03 – Comparison of Feature Selection Methods
In this tutorial, we will be quickly going over the different feature selection methods that are implemented in the software.
We will be using the same data from the PennCATH study, as in tutorial 01 – Genomic Prediction for Coronary Artery Disease, predicting CAD. As before, you start by downloading the processed PennCATH data.
As we are reusing the data from the previous tutorial, so the structure should look like this:
eir_auto_gp_tutorials/01_basic_tutorial/data
├── penncath
│ ├── penncath.bed
│ ├── penncath.bim
│ ├── penncath.csv
│ └── penncath.fam
└── penncath.zip
Since we are doing multiple runs with different feature selection methods,
we would like to avoid processing the data multiple times.
We can start by preparing only the data, without any modelling,
by using the --only-data flag:
eirautogp \
--genotype_data_path eir_auto_gp_tutorials/01_basic_tutorial/data/penncath \
--label_file_path eir_auto_gp_tutorials/01_basic_tutorial/data/penncath/penncath.csv \
--global_output_folder eir_auto_gp_tutorials/tutorial_runs/03_feature_selection_data \
--only_data \
--freeze_validation_set
This will only generate a data folder,
with the processed data,
inside the path passed to global_output_folder.

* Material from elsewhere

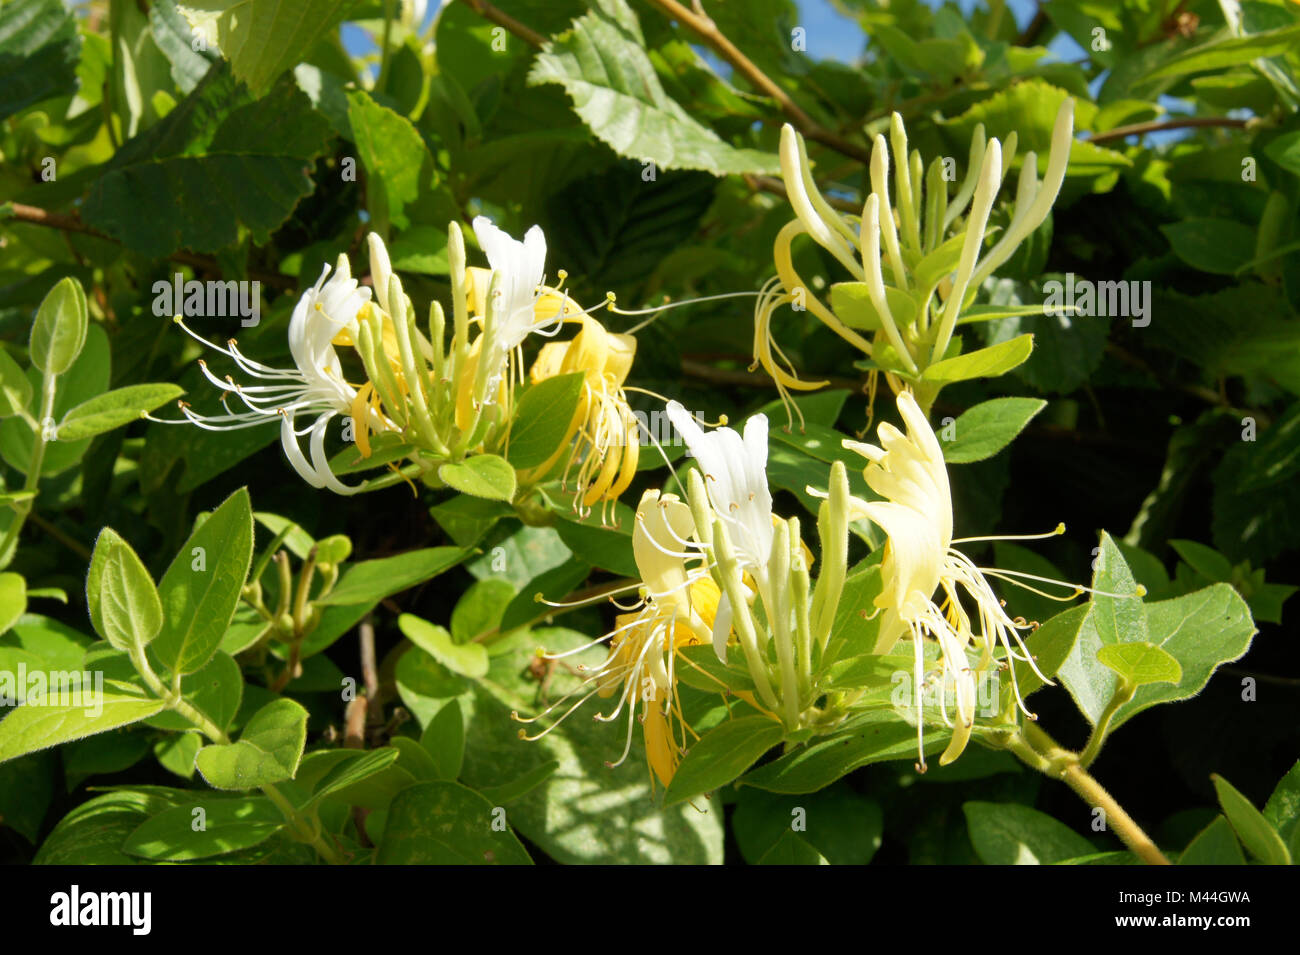 Lonicera caprifolium, Jelängerjelieber, honeysuckle Stock Photo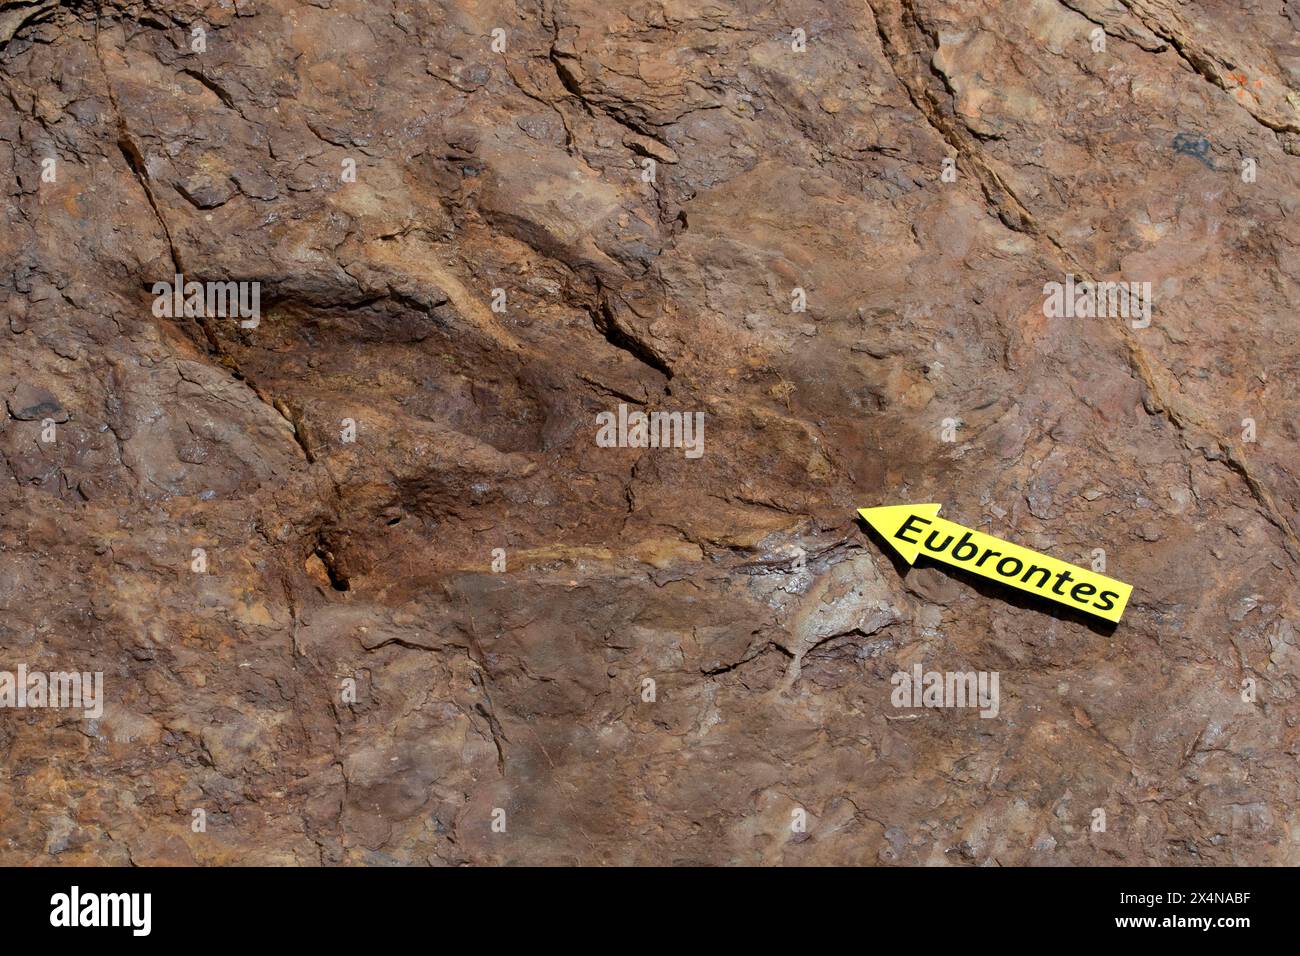 Eubrontes dinosaur track, St. George Dinosaur Discovery Site at Johnson Farm, St. George, Utah Stock Photo

Now, we can start training models for each feature selection method.
We will specifically focus on the following methods
gwas, gwas->dl and gwas+bo. There are other methods available,
such as dl, however, since we have around 500K SNPs and only around 2K samples,
we will skip the methods that do not include a GWAS pre-filtering step. This is
to (a) save time and (b) likely the models would be grossly overfit.
Note
For more information on the feature selection methods,
please refer to the output of eirautogp --help and the
documentation page Feature Selection Methods.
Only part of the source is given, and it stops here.